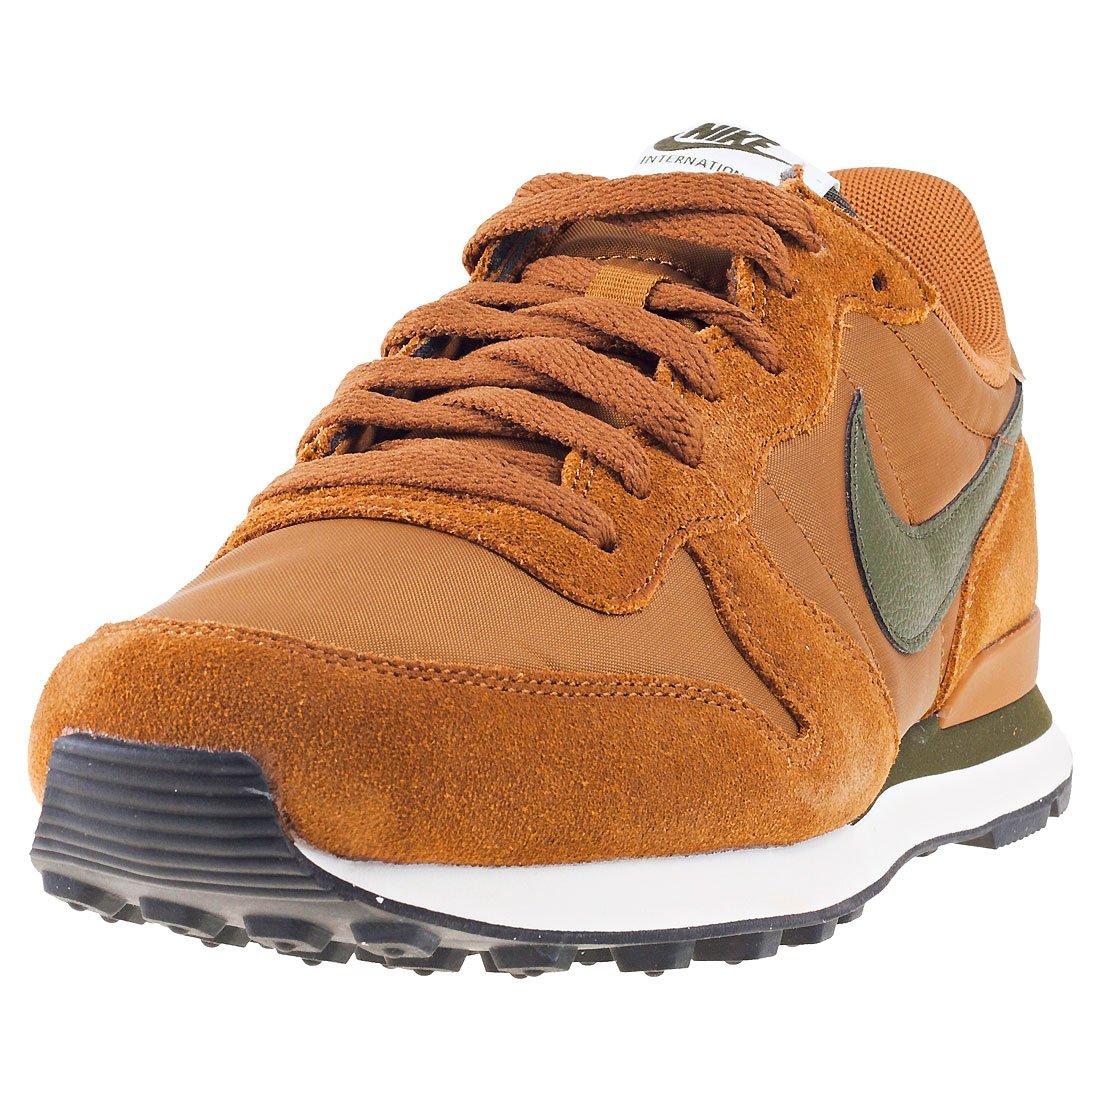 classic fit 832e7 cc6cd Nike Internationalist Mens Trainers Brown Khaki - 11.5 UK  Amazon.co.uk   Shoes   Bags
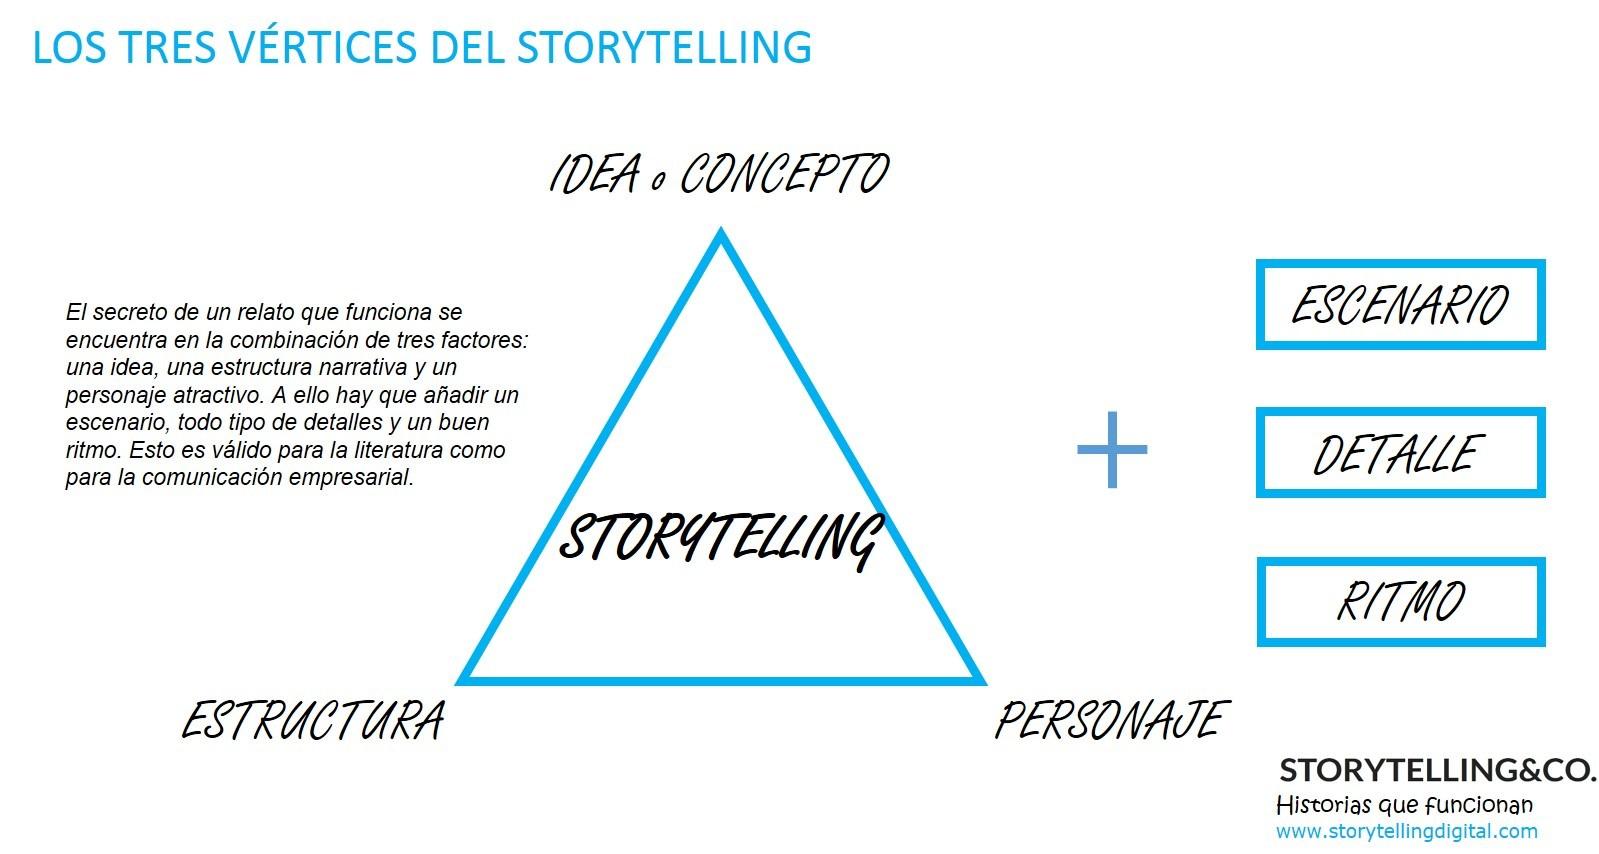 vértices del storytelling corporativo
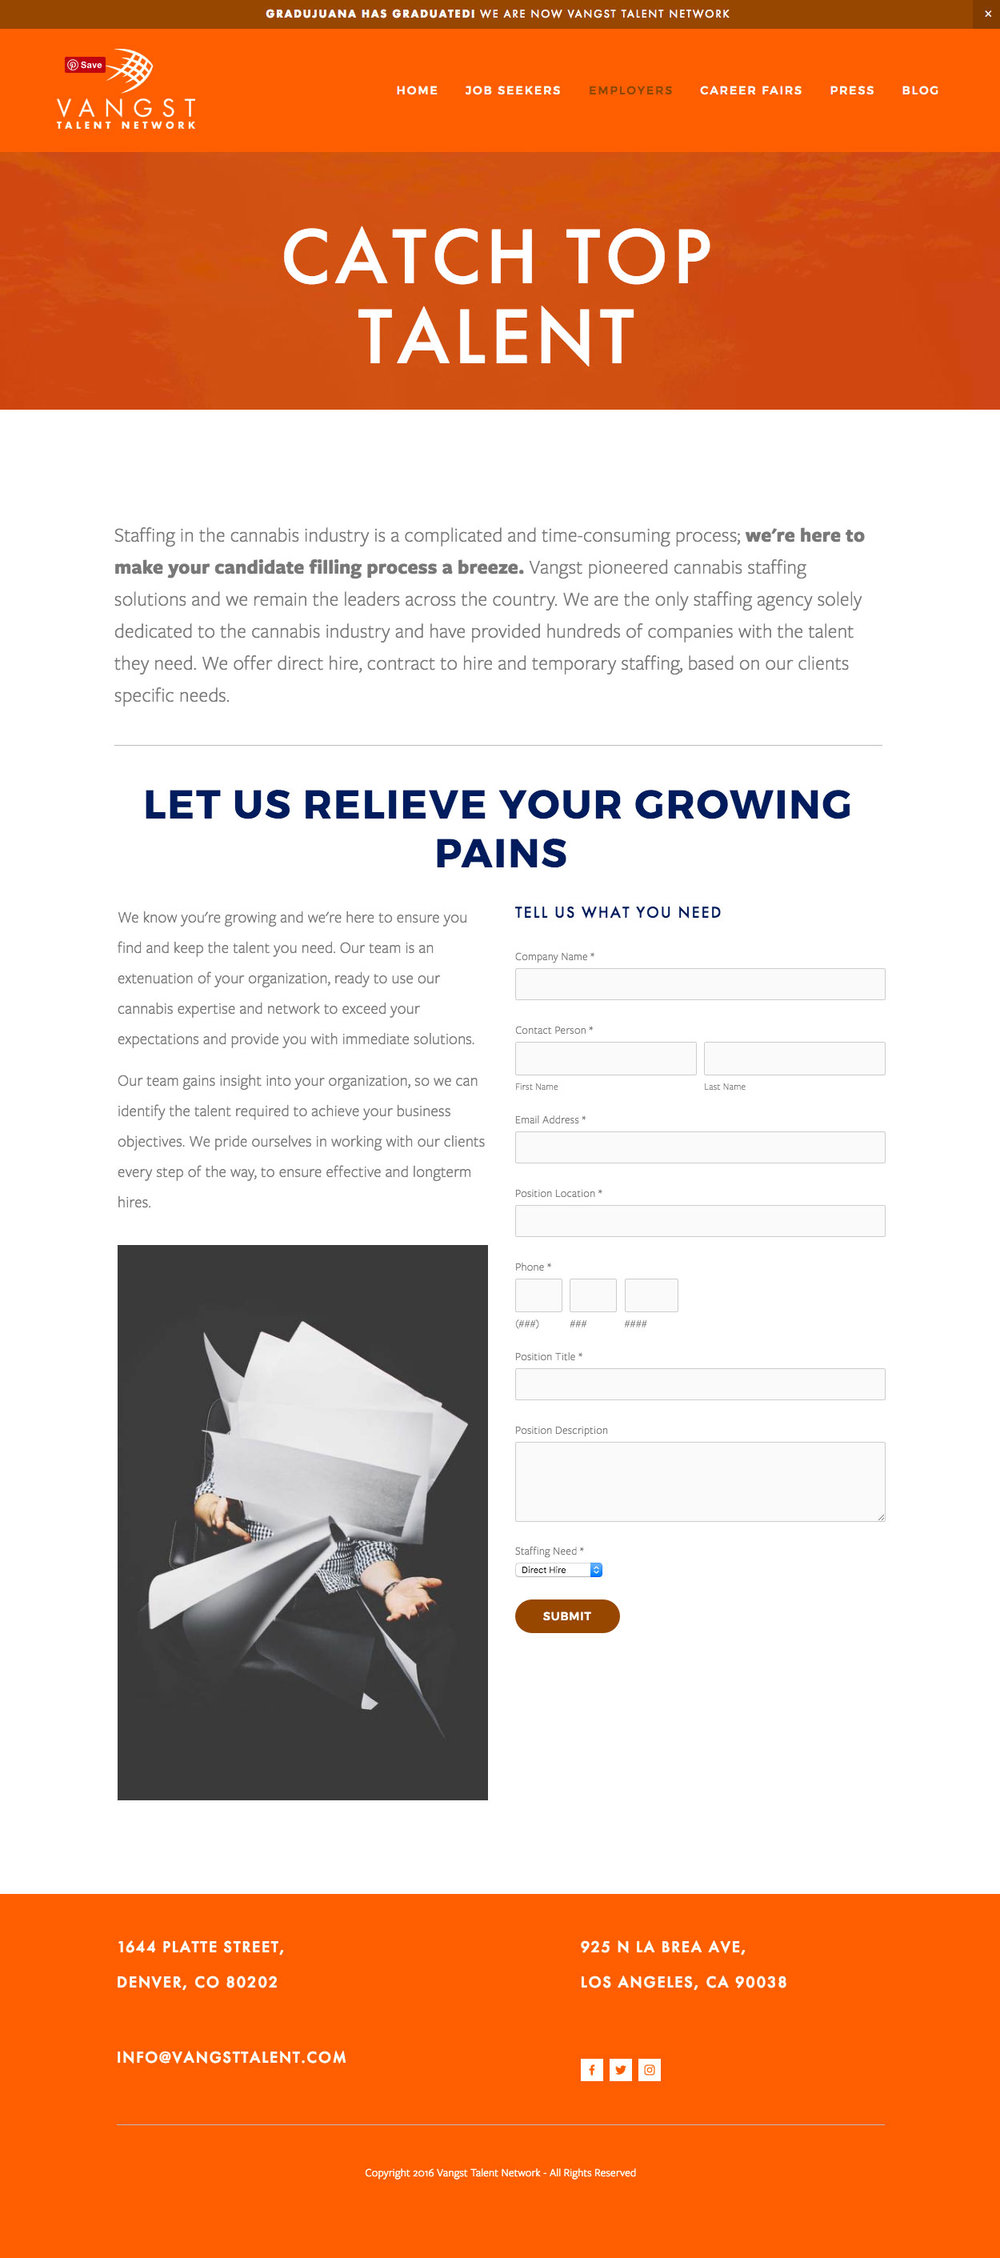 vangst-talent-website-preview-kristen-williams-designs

-.-.-

**EXERCISE DIRECTIONS**
The data above must be given again in full and unaltered, minus its images.

**TASK RESULT**
 classic fit 832e7 cc6cd Nike Internationalist Mens Trainers Brown Khaki - 11.5 UK  Amazon.co.uk   Shoes   Bags
 vértices del storytelling corporativo
 vangst-talent-website-preview-kristen-williams-designs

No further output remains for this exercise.